You can add a calendar icon to a page with the DatePicker element. The user can click this icon to select a calendar date and populate a page field. For example, the Waveset Create Audit Report page uses this component to select start and end dates.
The DatePicker element returns a date object. Most resource attributes that you set using DatePicker require a date in the form of a string. The extra text field performs the conversion of the new date object into a string or displays the current setting.
You can obtain the date in one of several formats by passing a different format string to the invoke dateToString method as indicated in the following table.
Table 2–14 Expiration Date Formats
Expiration Date Field |
Format |
---|---|
AIX |
MMddHHmmyy |
HPUX |
MM/dd/yy |
Solaris |
MM/dd/yyyy |
<Field name=’aix_account_expire’> <Display class=’DatePicker’> <Property name=’title’ value=’Set Password Expiration Date’/> </Display> </Field>
The field defined below displays the password expiration date as found in the /etc/security/user file.
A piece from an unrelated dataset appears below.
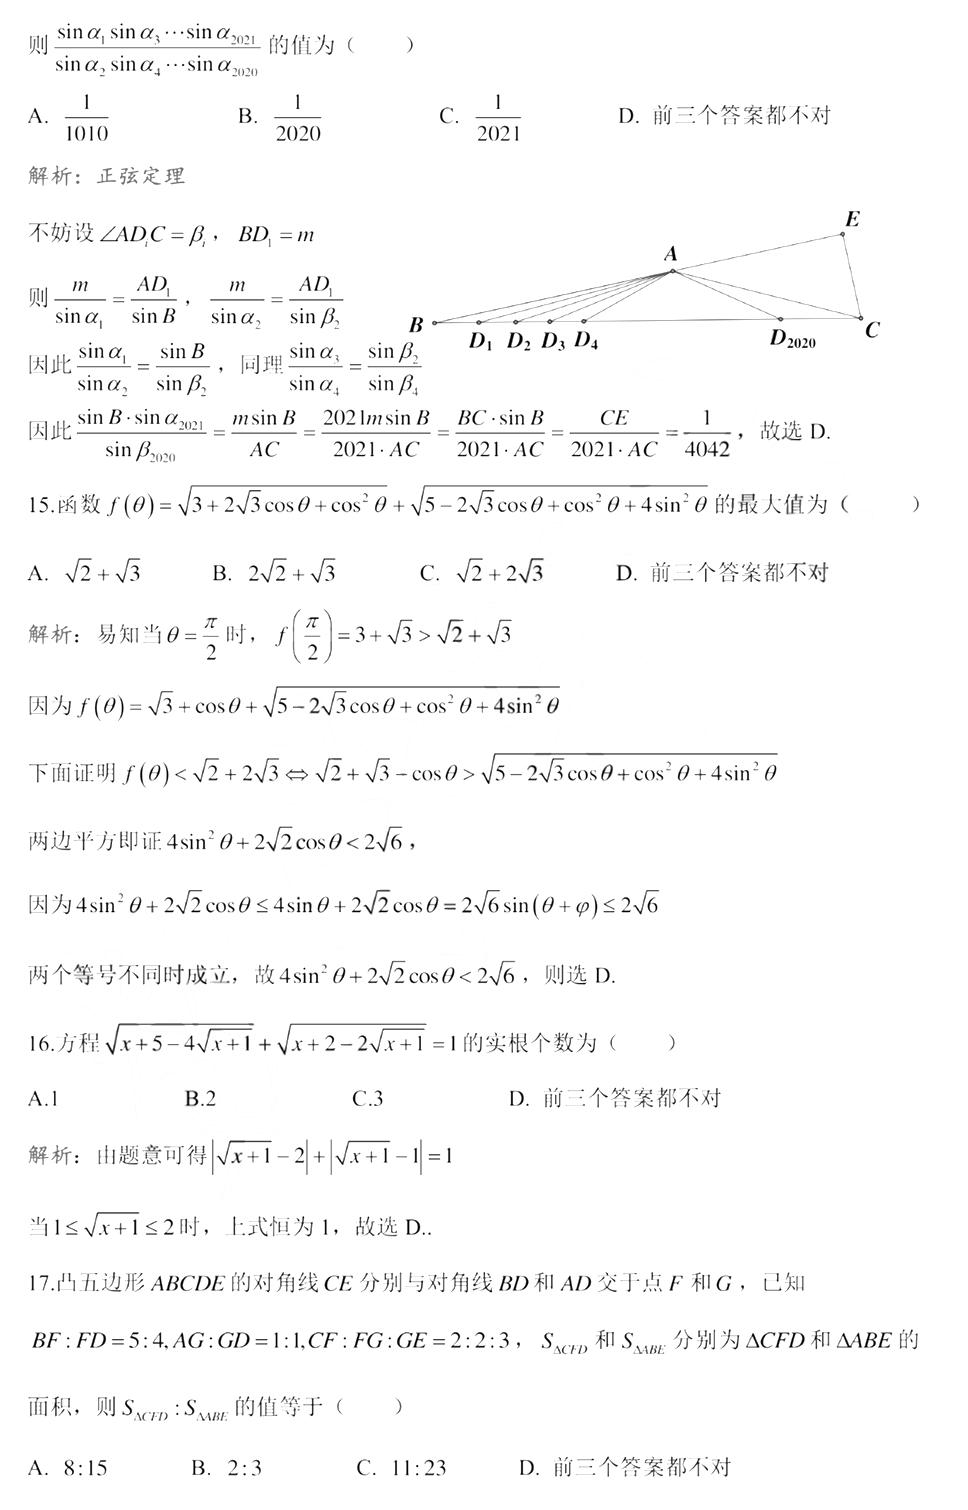 北京大学2020年强基计划数学试题参考答案(完整版)

It also displays any new date selected by the aix_account_expire field if the refresh or recalculate is performed after selecting a new date. Waveset looks to see if the aix_account_expire date field has been set (not null) from the DatePicker field.
If this date field has been set, Waveset calls an invoke method to convert the date object into a string in the specified format: MMddHHmmyy.
Otherwise, display the current date as set on the AIX OS: accounts[AIX].aix_expires.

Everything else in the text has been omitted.